Sylvia PottsONZM

Personal information
- Born: Sylvia Mildred Oxenham 19 September 1943 Palmerston North, New Zealand
- Died: 31 August 1999 (aged 55) Hastings, New Zealand
- Education: University of Otago
- Height: 1.68 m (5 ft 6 in)
- Weight: 55 kg (121 lb)
- Spouse: Allan Potts ​(m. 1965)​

Sport
- Sport: Athletics
- Events: 800 m, 1500 m
- Coached by: Allan Potts

Achievements and titles
- National finals: 440 yds champion (1967, 1969) 400 m champion (1970) 880 yds champion (1969) 800 m champion (1970) 3 km cross country champion (1970)
- Personal best: 800 m – 2:04.0

= Sylvia Potts =

New Zealand middle-distance runner

Sylvia Mildred Potts (née Oxenham, 19 September 1943 – 31 August 1999) was a New Zealand middle-distance athlete who represented her country at two Commonwealth and one Olympic Games. She memorably fell two metres from the finish of the 1500 m final at the 1970 Commonwealth Games in Edinburgh while leading the race.

==Early life and family==
Born in Palmerston North in 1943, Potts was educated at Freyberg High School, where she was head girl. She then studied at the University of Otago, completing a Diploma of Physical Education in 1964. She married Allan Potts the following year. Together they had three children, including Richard Potts who represented New Zealand in athletics at the 1990 and 1994 Commonwealth Games.

==Athletics career==

===National championships===
Coached by Allan Potts from 1963, Sylvia Potts won six national athletics titles between 1967 and 1970: the 440 yards in 1967 and 1969; the 400 m in 1970; the 880 yards in 1969; the 800 m in 1970 and the 3 km cross country in 1970.
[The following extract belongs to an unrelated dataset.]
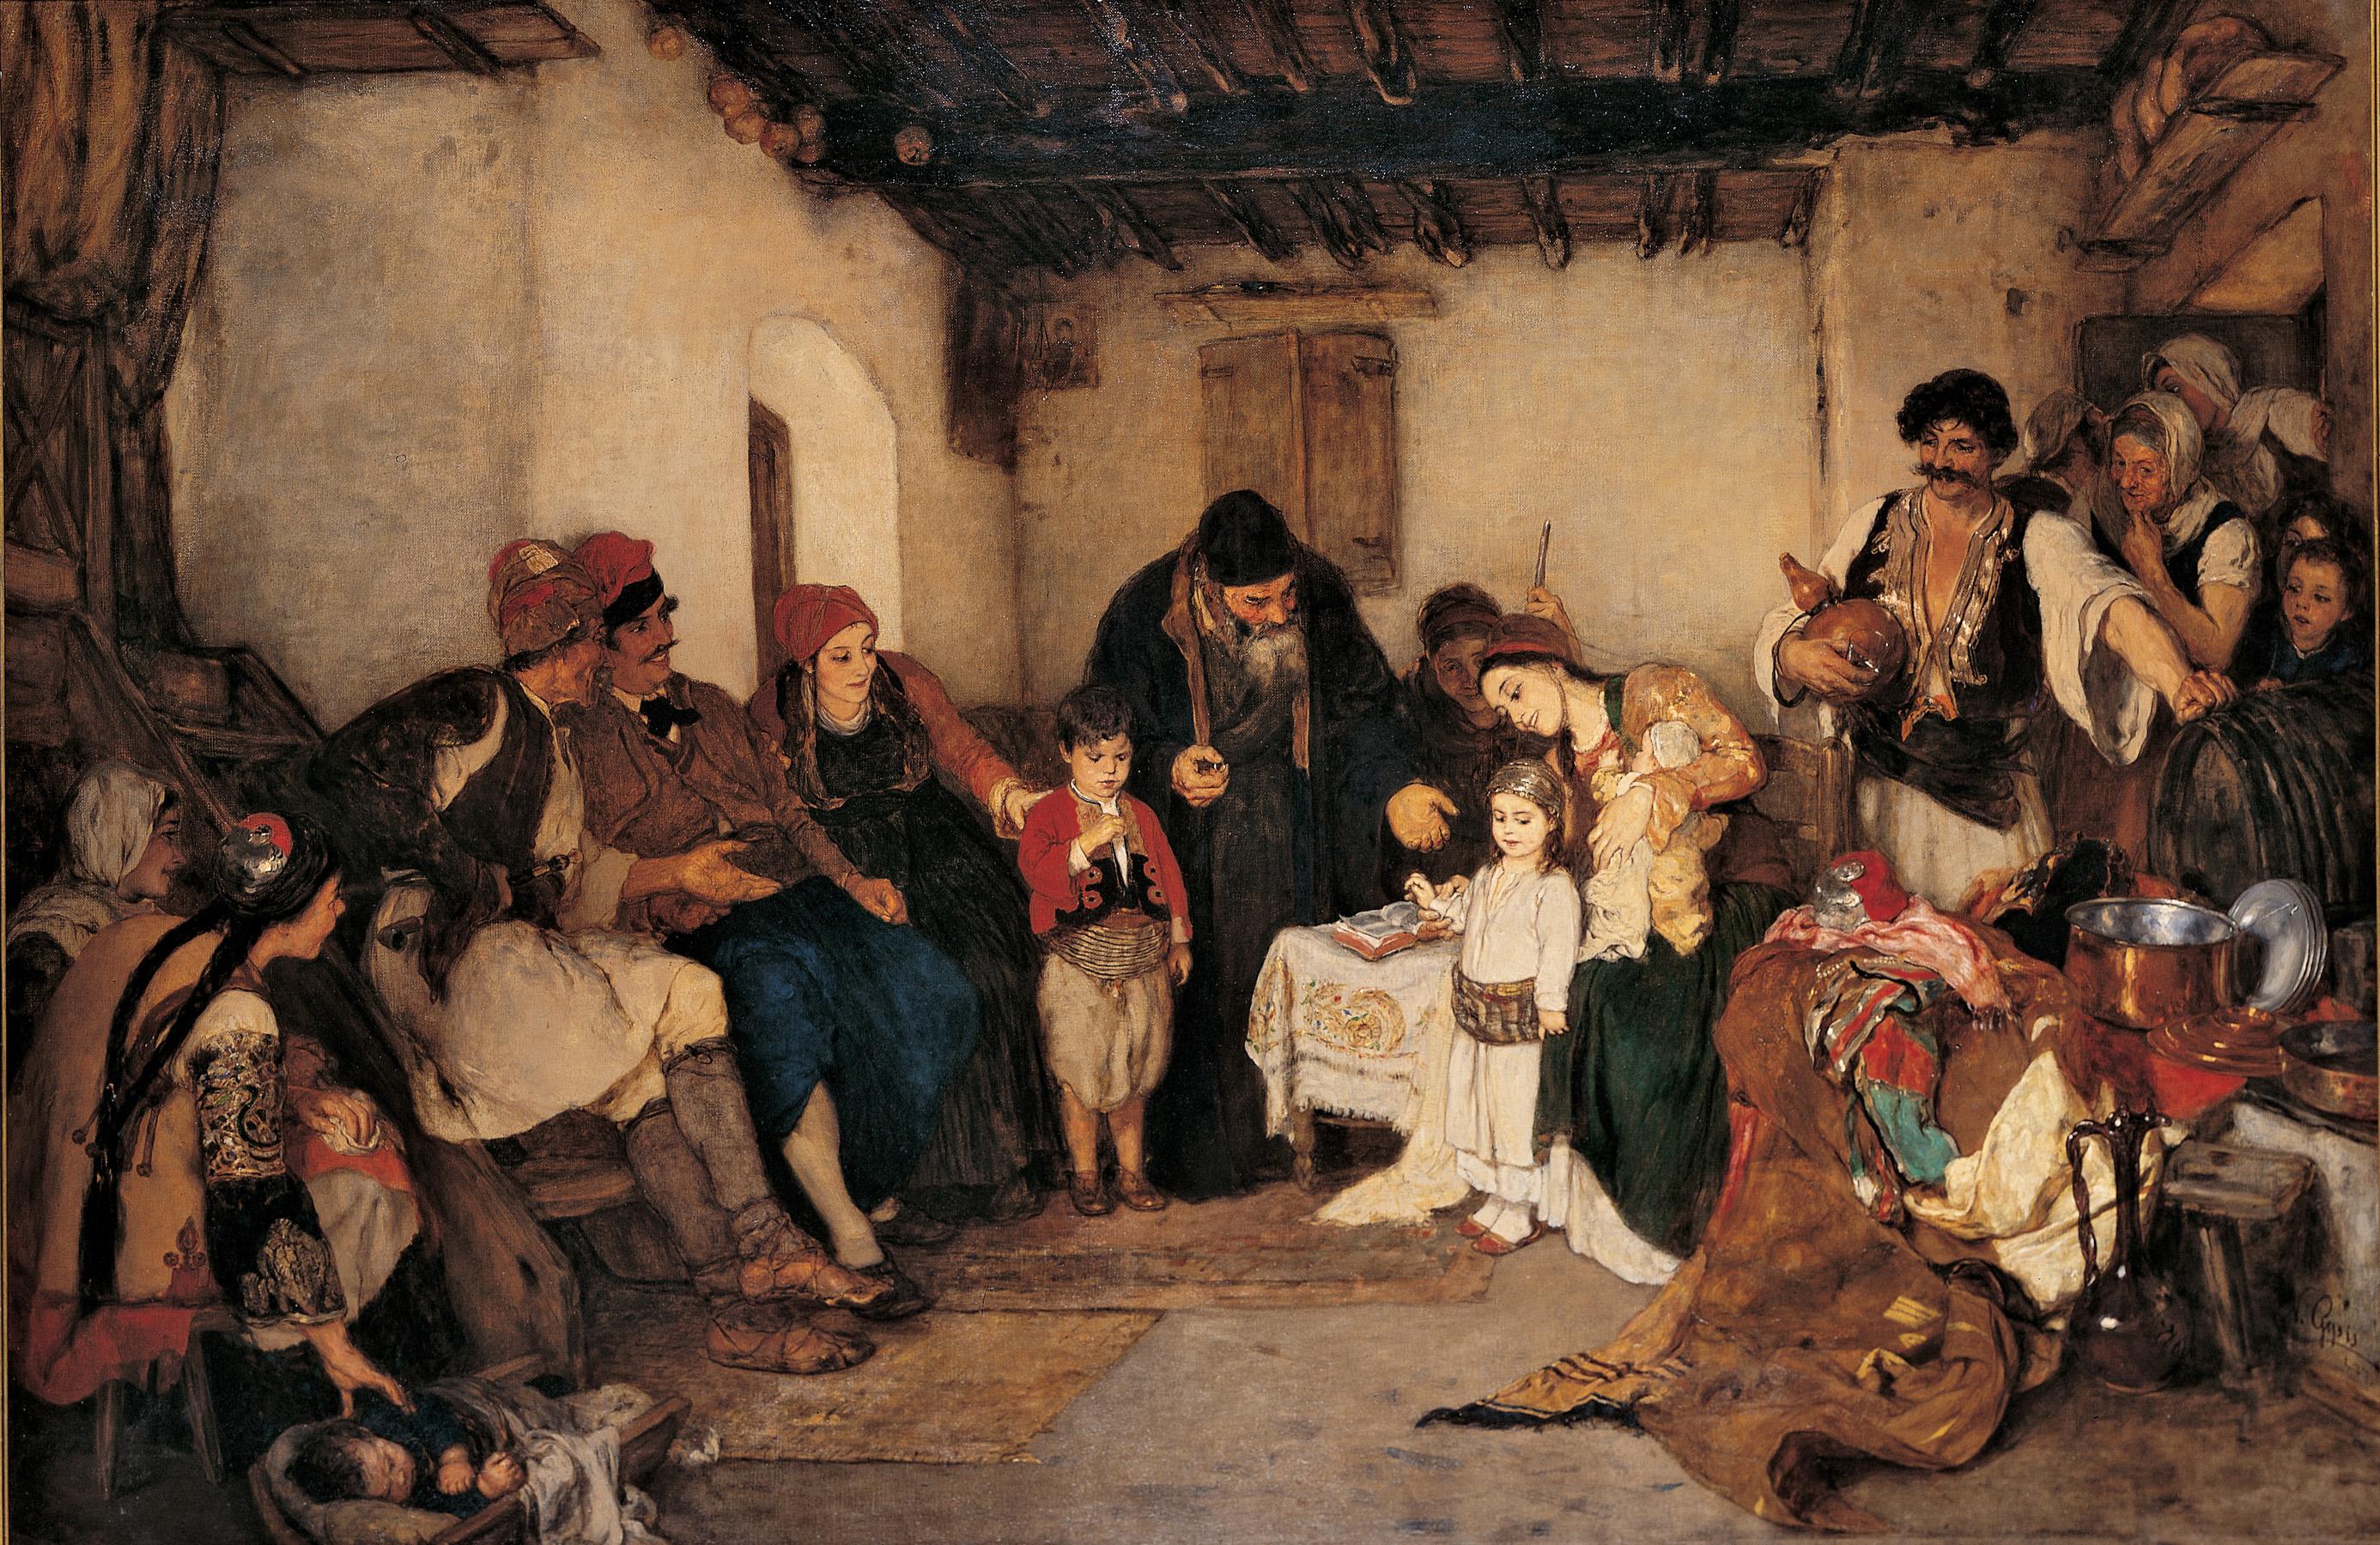 Παιδικοί Αρραβώνες, 1877. Λάδι σε μουσαμά, ΕΙΚΑΣΤΙΚΑ, ΖΩΓΡΑΦΙΚΗ, ΝΙΚΟΛΑΟΣ ΓΥΖΗΣ, ΤΗΝΟΣ, ΣΧΟΛΗ ΤΟΥ ΜΟΝΑΧΟΥ,

Potts ran her personal best for the 800 m, a national record time of 2:04.0, in winning the 1970 national championship.

===Olympic Games===
She represented New Zealand at the 1968 Olympic Games in Mexico City, where she finished sixth in the semi-finals of the 800 m with a time of 2:07.02.

===Commonwealth Games===
At the 1970 British Commonwealth Games in Edinburgh in 1970 Potts competed in both the 800 m and 1500 m, reaching the final in both events. She finished fifth in the 800 m, but it is for her finish in the 1500 m that she is most remembered. Leading the race into the final few metres, Potts fell just short of the finishing line and eventually finished in ninth place.

Potts was given the honour of running the final leg of the Queen's Baton Relay at the opening of the 1974 British Commonwealth Games in Christchurch, running the baton carrying the Queen's message into the Queen Elizabeth II Park stadium and presenting it to the Duke of Edinburgh. Later at those games, she finished eighth in the 1500 m final.

===Coaching and management===
After retiring as an athlete, Potts joined her husband Allan as a coach, and together they coached many young athletes, particularly at the Hastings Athletics Club. In 1990, she served as the New Zealand athletics team manager at the 1990 Commonwealth Games in Auckland.

==Death==
Potts died in Hastings from cancer on 31 August 1999, and she was buried at Mangaroa Cemetery.

==Honours and legacy==
In the 1998 Queen's Birthday Honours, Potts was appointed an Officer of the New Zealand Order of Merit, for services to athletics. In 2008, she was one of the second group of inductees onto the University of Otago School of Physical Education's wall of fame.

Following Potts' death, the major annual track and field meet in Hawke's Bay was named the Sylvia Potts Classic. It was renamed the Allan and Sylvia Potts Classic in 2015 after the death of Allan Potts.